The use of the word “convex” here is misleading and led to my confusion in the original manuscript. I think the authors are using it here in the sense of “extending outward”, however “convex” is usually associated with a curved surface, or possibly a polygon with obtuse angles (a “convex polygon”). Hence in the original manuscript I was looking for a curved wall that wasn’t there! I think “patterned walls” or “patterned surface” would be a more apt description.

Response: We thank for the good comment and suggestion. In the revised manuscript, we modify the “convex walls” to “patterned walls” in line 206, line 225, line 226, line 230, line 247, etc.

•      Thirdly in my original comments I said “After the FEM simulations, the authors select a column spacing of 50 µm but it is not clear from the accompanying text exactly why that should be the optimum conditions.” Neither the response nor the extra sentence in the manuscript (lines 236-238) make this much clearer. In the response the authors state that “…we chose a minimum line width of 15µm, which corresponds to a column spacing of 50 µm.” it is not clear to me how the 50 µm derives from the 15 µm.

Response: The parameter L1 for measuring the distance between the center points of the strip is used as variable index in the FEM simulation, where m represents the minimum line width between micropillars calculated from the geometric relationship with fixed parameters of the length and width of the micro pillars, which is an important parameter in practical fabrication process. With the microfabrication facilities used in this work, the highest aspect ratio (pillar height: pillar diameter) is about 10: 1; Meanwhile, in order to achieve better enrichment effect, the micropillars need to have the height more than 150µm height [17]. So the minimum line width m allowed for devices is 15μm. Given the parameters of W1=50 μm,W2=20 μm in the simulation model as shown in Figure 4a，the minimum column spacing L1 could be calculated to be 50μm. In the simulation, so the velocity of fluid raises with the increase of L1, which means that a smaller L1 can achieve a higher capture efficiency. Therefore, we selected L1= 50 μm in this study for the subsequent process.

In the revised manuscript, we revised the figure 4a for marking the geometry parameters of micro pillars. Also, we added the explanation for why we select a column spacing of 50 µm in the manuscript. (lines 239-245). Meanwhile, we introduced the simulation model in details, as shown in Figure A1 in the supplementary material.

•      The authors added in the carbonyl concentration in the experimental (line 189) to substantiate the “ppb level trace carbonyl compound capture.” (line 320). It would be useful if the concentration was also quoted alongside that statement in line 320.

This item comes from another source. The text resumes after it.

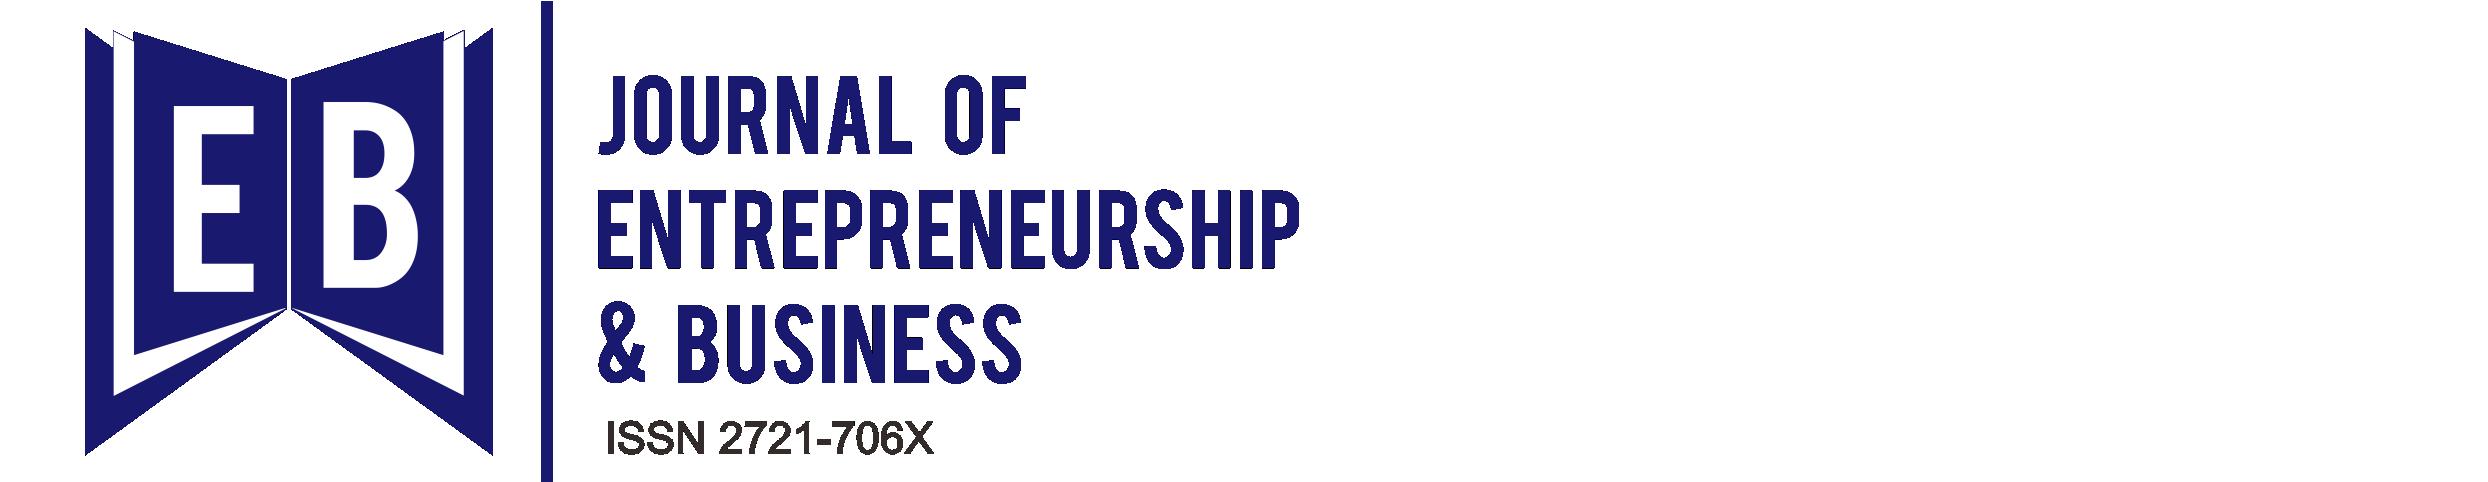 Journal of Entrepreneur & Business

Response: We added the concentration (0.01 μmol/L) alongside the statement in line 328 in order to be consistent with the above(line 191).

In case of further information please feel free to contact me. Looking forward to hearing from you.

Sincerely Yours

Dr. Jie Cheng

Institute of Microelectronics of Chinese Academy of Sciences

E-mail: [email protected]

Author Response File: Author Response.pdf

Reviewer 2 Report

Ok for publication in the present form

Author Response

Dear Reviewers,

Hereby we would like to submit the revised manuscript entitled “Microfluidic preconcentration chip with self-assembled chemical modificated surface for trace carbonyl compounds detection (ID: sensors-389213)” for consideration for publishing. The authors are Jie Cheng, Jianwei Shao, Yifei Ye, Yang Zhao, Chengjun Huang *, Li Wang * and Mingxiao Li *.

We are very grateful for the reviewers’ constructive comments to improve the quality of the manuscript.

Sincerely Yours

Dr. Jie Cheng

Institute of Microelectronics of Chinese Academy of Sciences

E-mail: [email protected]

Round  3

Reviewer 1 Report

I thank the authors for the improvements.